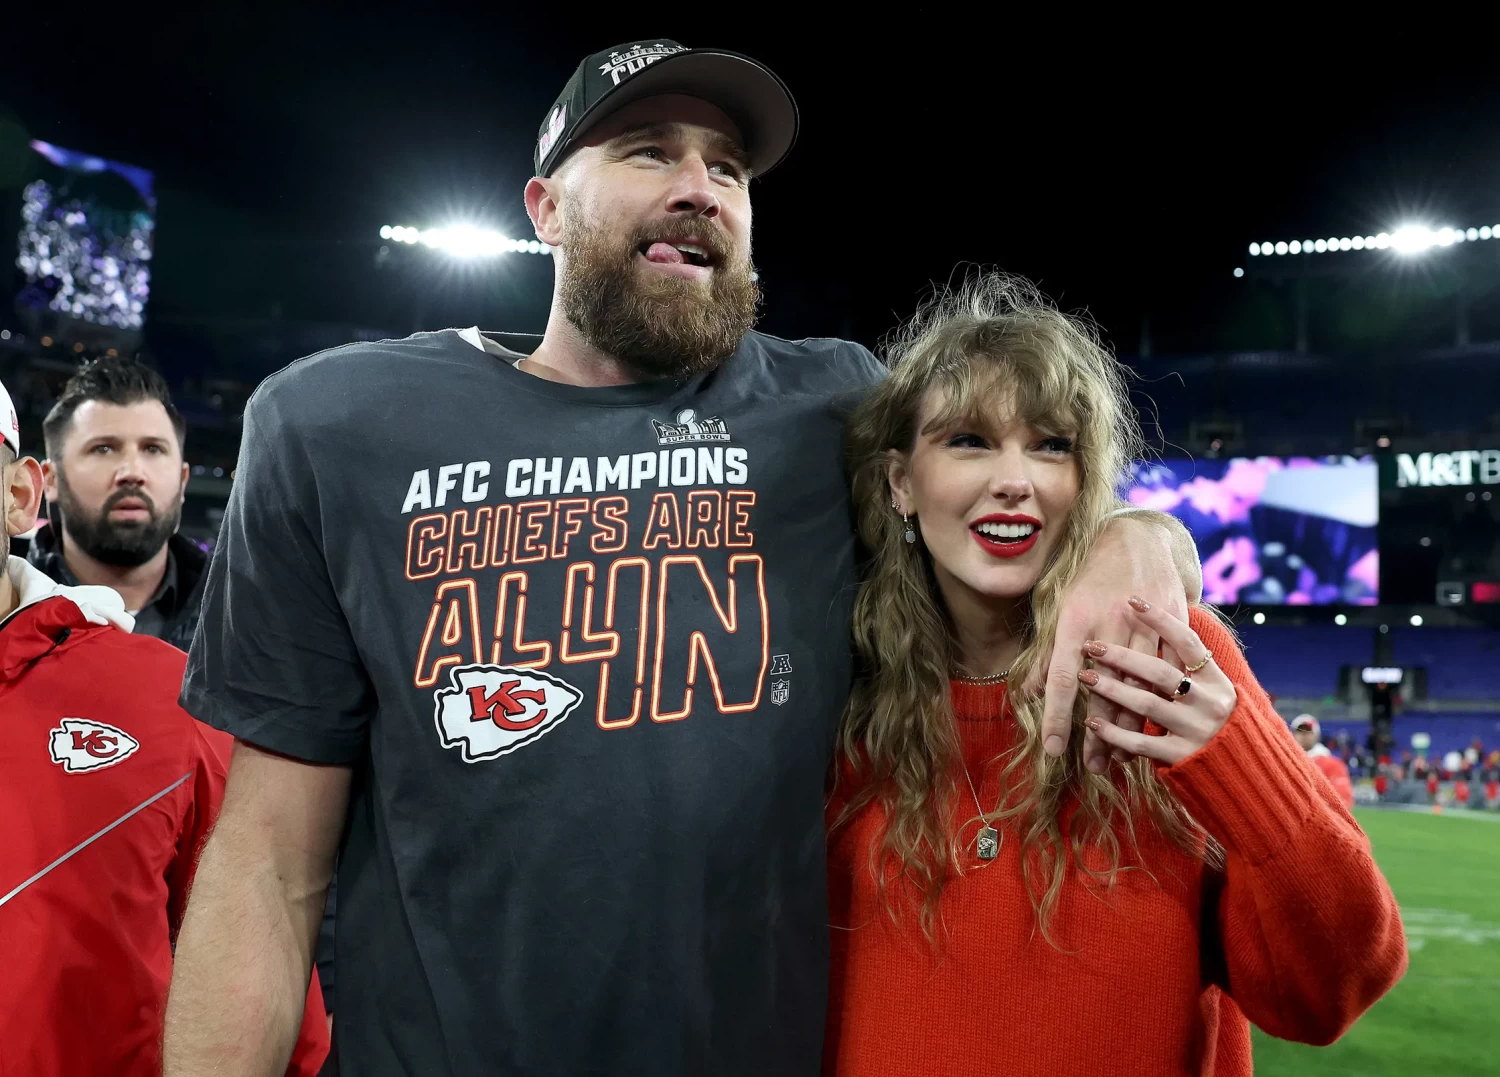 The Combination of Travis Kelce plus Taylor Swift creates an all-consuming content vortex. Photograph by Patrick Smith/Getty
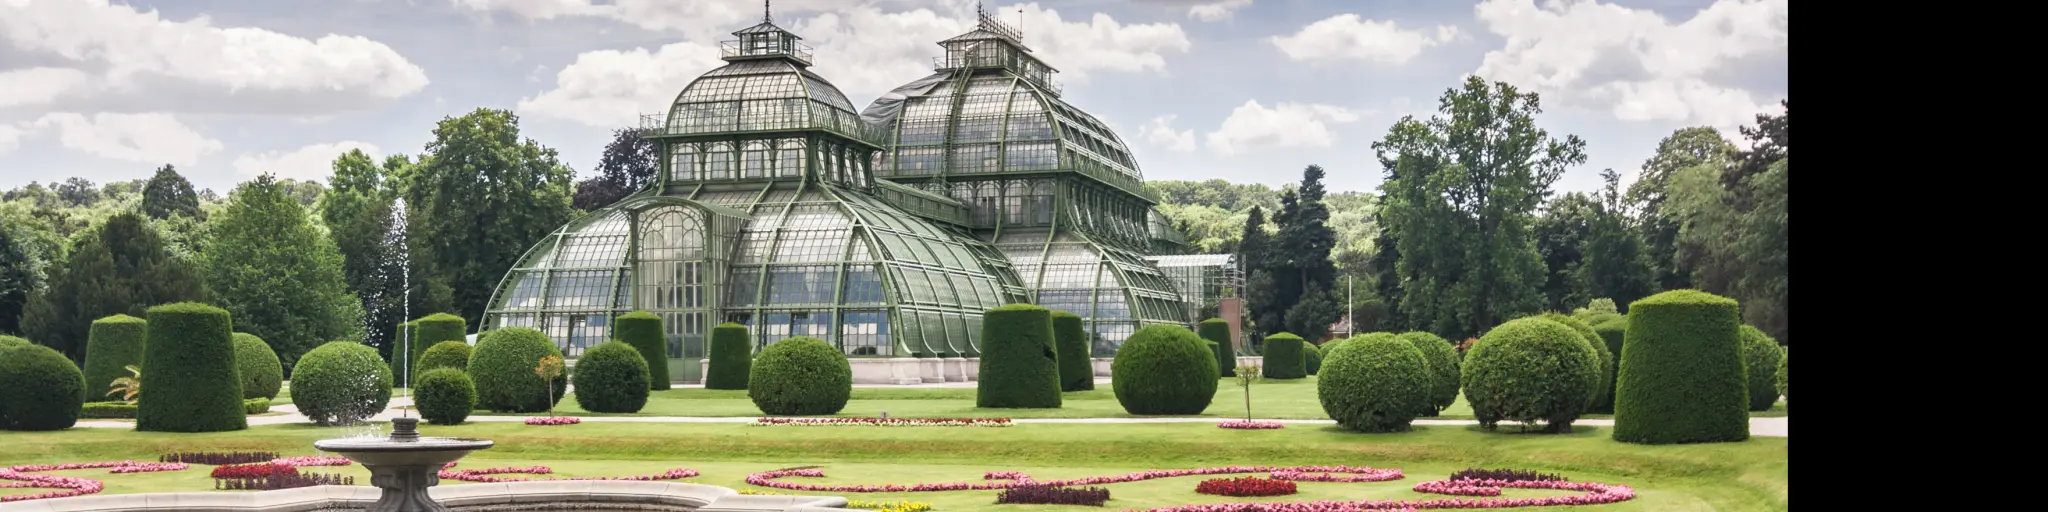 The ultimate weekend in Vienna at the Palmenhaus park
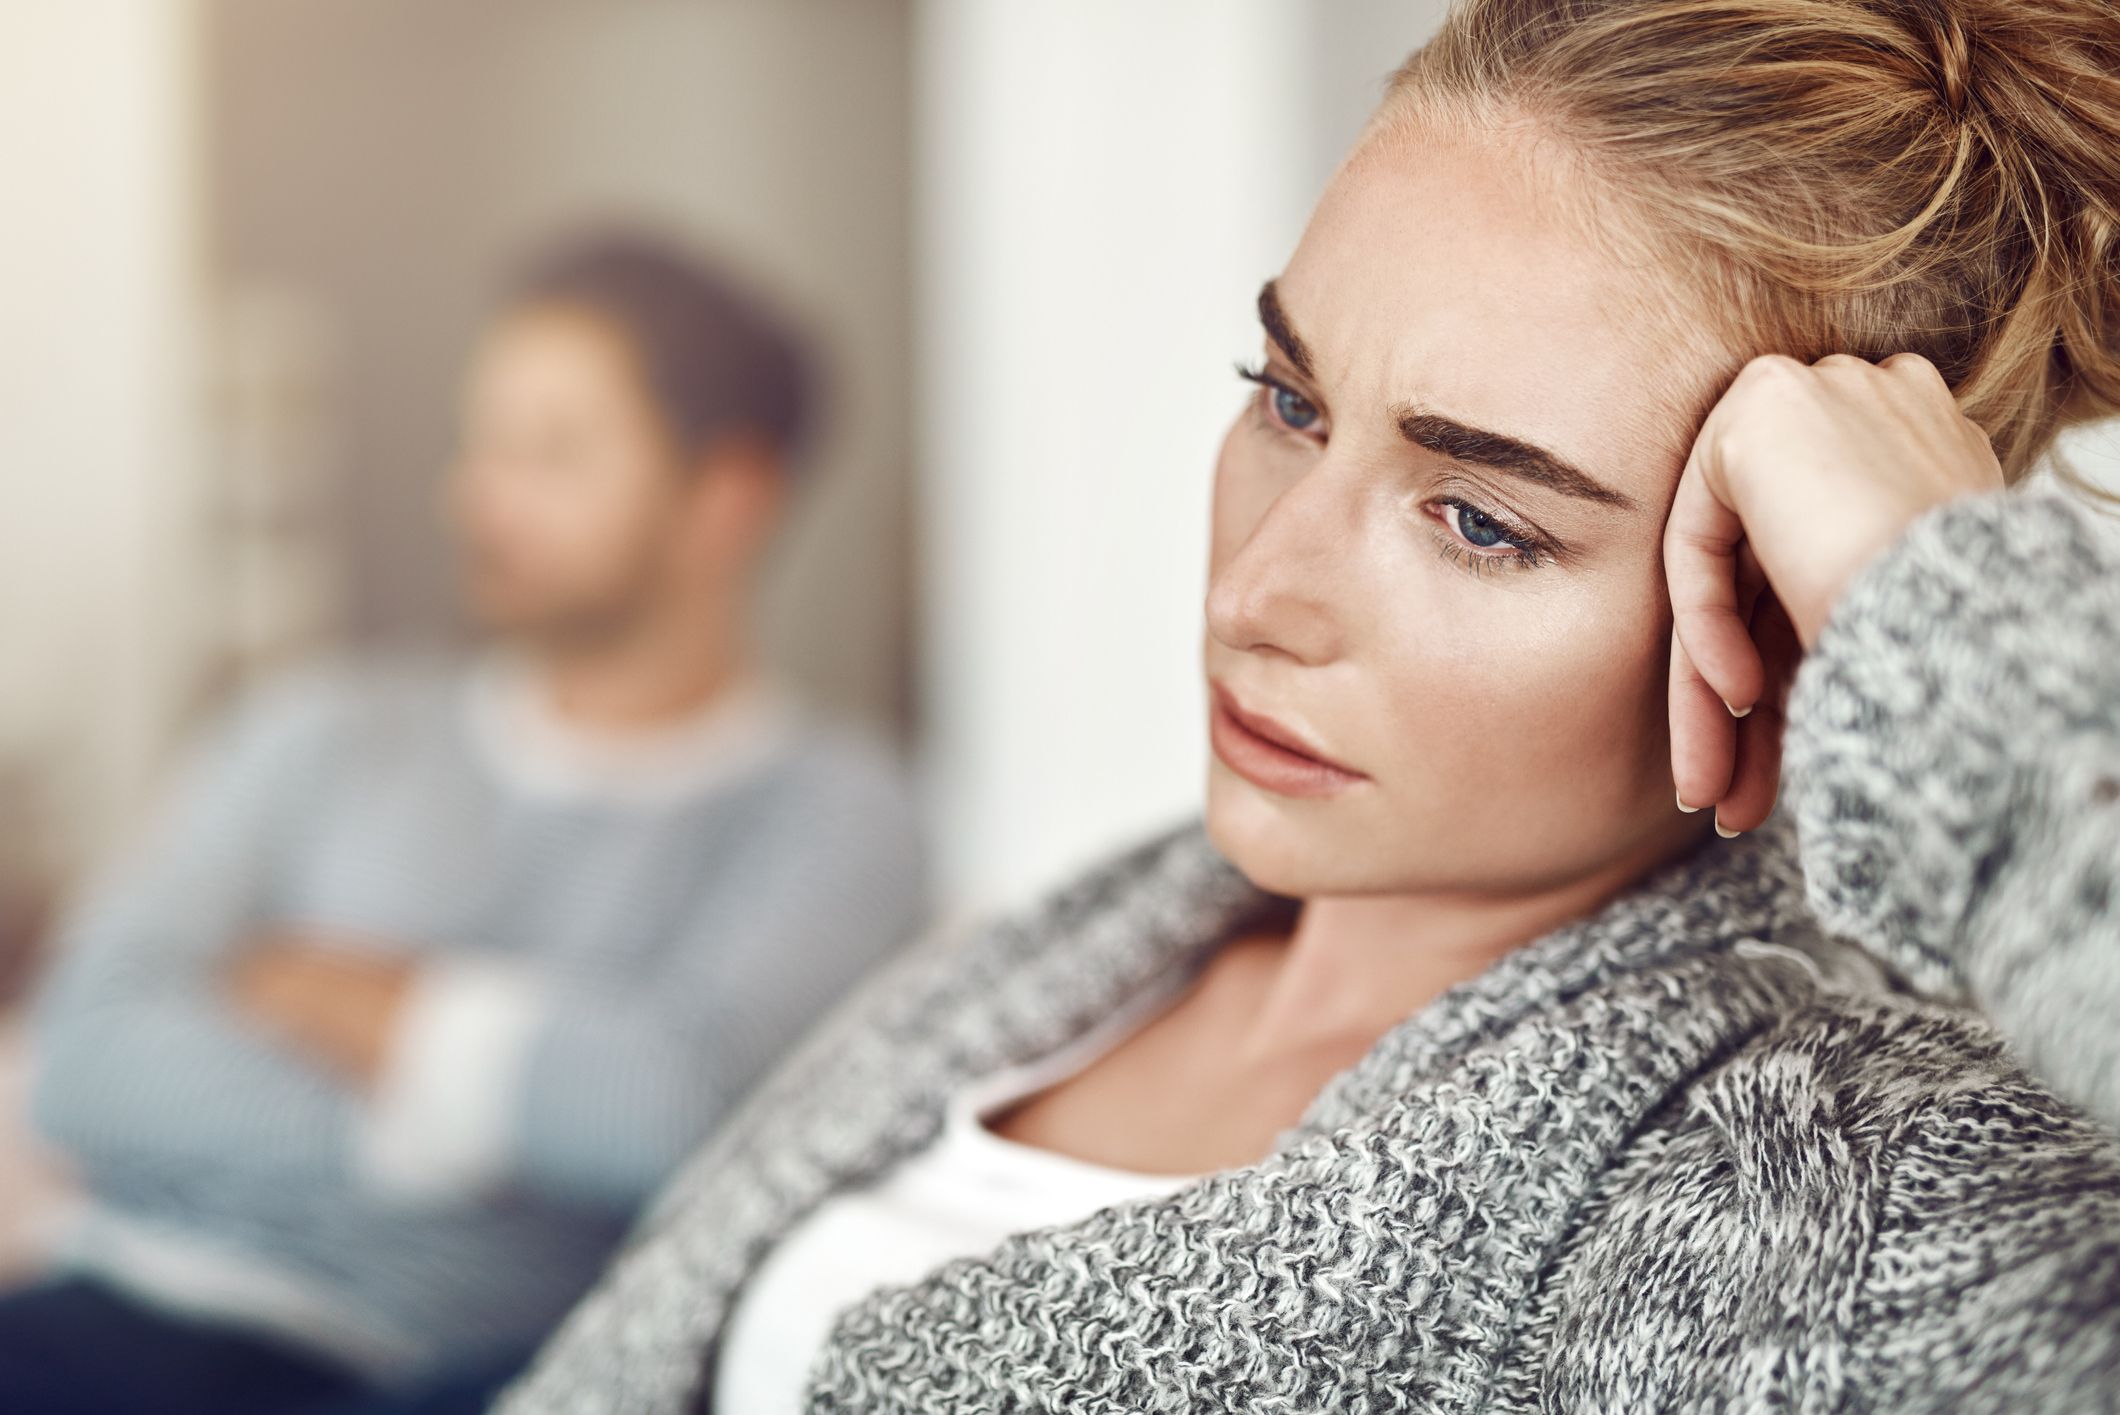 9 Ways to End a Toxic Relationship - Toxic Relationship Signs
===
• Your task: Print the listing verbatim; no pictures.

• Reply to the task:
 The Combination of Travis Kelce plus Taylor Swift creates an all-consuming content vortex. Photograph by Patrick Smith/Getty
 The ultimate weekend in Vienna at the Palmenhaus park
 9 Ways to End a Toxic Relationship - Toxic Relationship Signs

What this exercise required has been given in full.